372319	HG03162	chr3	15722024	15722024	[C, T]	[0, 1]	[0.48473284, 0.5152672]
372320	HG03164	chr3	15722024	15722024	[C, T]	[0, 1]	[0.48473284, 0.5152672]
372321	HG03054	chr3	15722047	15722047	[G, GT]	[0, 1]	[0.4, 0.5]
372322	HG03055	chr3	15722047	15722047	[G, GT]	[0, 1]	[0.4, 0.5]
372323	HG03021	chr3	15722066	15722066	[A, G]	[0, 1]	[0.4359155, 0.56408453]

372324 rows × 7 columns

Use the read_allele_count method to interrogate the allele_count array directly at a specific position:

Warning

allele_count uses 0-based indexing.

Python

# Read allele count information
ac = ds.read_allele_count("chr22:50808372-50808373").to_pandas()
ac

	pos	ref	alt	filter	gt	count
0	50808372	A	AG	DRAGENHardQUAL	0,1	1
1	50808372	A	AG	DRAGENHardQUAL	1,1	15
2	50808372	A	AG	DRAGENHardQUAL;LowDepth	1,1	3
3	50808372	A	AG	LowDepth	0,1	2
4	50808372	A	AG	LowDepth	1,1	9
5	50808372	A	AG	PASS	0,1	9
6	50808372	A	AG	PASS	1,1	161
7	50808372	A	AGG	PASS	1,1	3
8	50808372	A	AT	LowDepth	1,1	2
9	50808372	A	AT	PASS	0,1	2
10	50808372	A	AT	PASS	1,1	1
11	50808372	A	ATG	PASS	1,1	1
12	50808372	A	G	DRAGENHardQUAL	1,1	1
13	50808372	A	G	PASS	1,1	5
14	50808372	A	T	PASS	1,1	2

Note how many of the same alleles are repeated, despite each presenting a count value. This is an artifact of the progressive ingestion process.

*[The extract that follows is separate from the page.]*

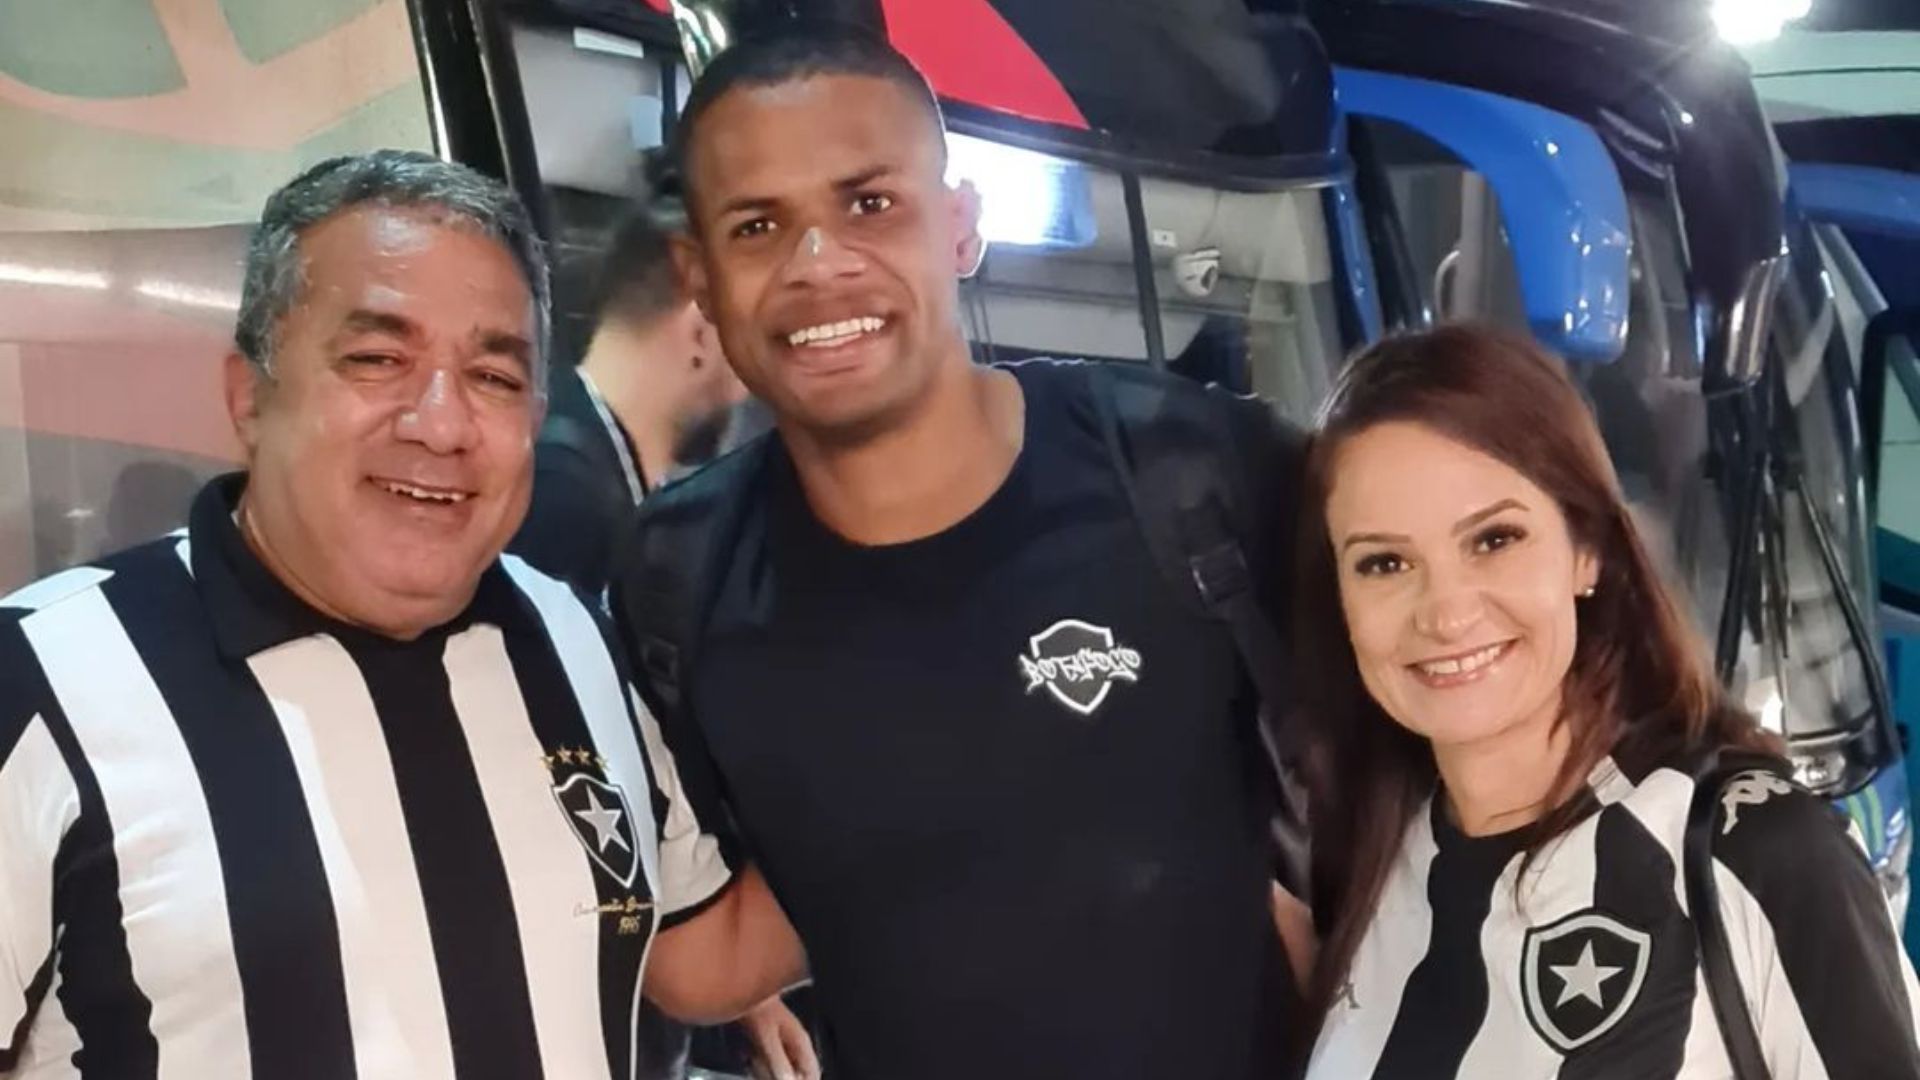 Gerogia Ayres usou a blusa dedicada a Mauro Machado durante uma partida do Flamengo contra o Botafogo, no último domingo (30)

Aggregate these counts to get a more accurate representation of the allele count:

Python

ac.groupby(["pos", "ref", "alt", "gt"]).agg({"count": "sum"})

				count
pos	ref	alt	gt
50808372	A	AG	0,1	12
		AG	1,1	188
		AGG	1,1	3
		AT	0,1	2
		AT	1,1	3
		ATG	1,1	1
		G	1,1	6
		T	1,1	2

Use the read_variant_stats method to interrogate the variant_stats array:

Python

ds.read_variant_stats("chr22:50808372-50808373").to_pandas()

	pos	alleles	ac	an	af
0	50808372	A,ATG	2	434	0.004608
1	50808372	A,T	4	434	0.009217
2	50808372	A,AGG	6	434	0.013825
3	50808372	ref	14	434	0.032258
4	50808372	A,G	12	434	0.027650
5	50808372	A,AT	8	434	0.018433
6	50808372	A,AG	388	434	0.894009

The 188 observed homozygous + 12 heterozygous A->AG calls in allele_count are equivalent to the 388 A,AG alleles observed in variant_stats.